Paul Wegener as Oliver Haddo, from the film. Borrowed from {feuilleton}

I was hooked from the beginning, and later, as I realized where Maugham was taking this tale, it got even more interesting since it wasn't at all what I expected when I started it. Actually, I spent much of the time wondering like Dr.Porhoët whether or not Haddo was a true magician or just a fast-talking fake, and I think this ambiguity worked well all through the novel.  By the time I reached the ending, well, let's just say that pages were being turned very quickly.  There's much more going on here that I won't get into because of time, but pay close attention not only to the relationship between Margaret and Haddo as he focuses his hypnotic powers on her, but also to Margaret herself in relation to Burdon.   And do see the old silent film (1926)  if you can find a copy (I got mine on Amazon) -- while there are definitely some scenes played for laughs here in between the main action, and while the script deviates from the novel quite a bit, it's still well worth watching.  Paul Wegener (who would later play the title role in the original Svengali movie in 1927) makes a very creepy Haddo who sent chills up my spine just looking at him.


***

On to George du Maurier's novel Trilby now.  While his character Svengali may not have had an interest in alchemy or the occult like Maugham's Oliver Haddo,  it's easy to see how Du Maurier's portrayal of this character may have influenced Maugham in the writing of his own villain.  To be honest,  The Magician is definitely the better of the two books, but Trilby is also quite good in its own way.


0192833510
Oxford University Press, 1998
originally published 1894
339 pp
paperback

"I will tell you a secret.
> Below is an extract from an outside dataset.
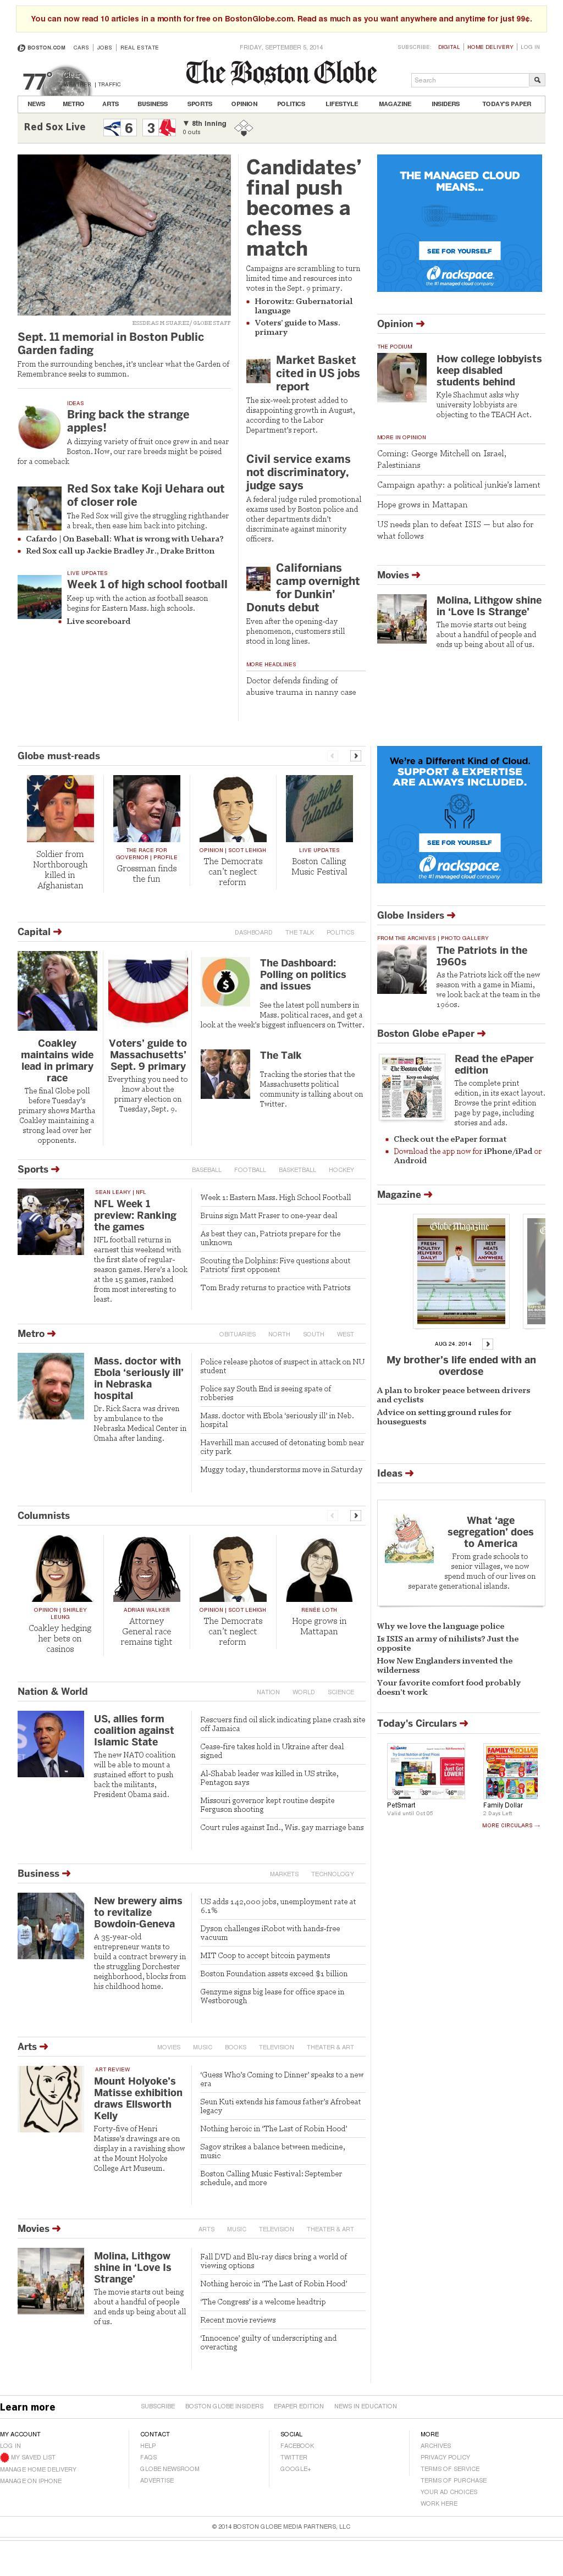 The Boston Globe at Saturday Sept. 6, 2014, 2:02 a.m. UTC

There were two Trilbys." 

Paris is once again the setting for the story of Trilby O'Ferrall, the young artist's model who enchants not only  the three artists of this story, but also the musician Svengali.  While Svengali is not the first fictional hypnotist (Dumas' Joseph Balsamo from fifty years earlier immediately comes to mind), his name even now conjures up
"The image of a sinister hypnotist, lurking behind the scenes, ambiguously responsible for breaking and remaking another weaker character..." (Daniel Pick, Svengali's Web, 1).
 We first meet him as he comes to visit the  three artists Little Billee, Taffy, and the Laird. Du Maurier describes Svengali as  "a tall bony individual between thirty and forty-five, of Jewish aspect, well featured but sinister," with "bold, brilliant black eyes."  This scene is also the first meeting between Trilby and Svengali -- where he plays Schubert for her and then Trilby gives them all her tone-deaf rendition of "Ben Bolt." Svengali believes he can teach her to sing; some time later, he even offers to give her singing lessons, flattering her with "lovely language" about her voice, all while curing her migraine.  He tells her that the next time she has another headache that she should come to him again, and that she
"shall see nothing, hear nothing, thing of nothing but Svengali, Svengali, Svengali!"
While Billee wants to marry young Trilby, his mother steps in to do what she can to prevent the marriage from happening.   Trilby, thinking of Little Billee's future, does the noble thing and disappears from his life, only to resurface later.   It does take a bit of needle threading (and often a great deal of patience)  to find ourselves back to  the story of Trilby and Svengali, because around it, Du Maurier has placed us in the milieu of the Bohemian artists of the Latin Quarter of Paris, and he spends a lot of time giving us his own version, a "mixing of reality and fantasy" (xii) based on his own experiences.  Then, when the story moves to London, we are made privy to the world of the British upper classes, where Little Billee is now William Bagot, successful artist.  While you may wonder what's going on with Trilby all this time, well, eventually we do get back there.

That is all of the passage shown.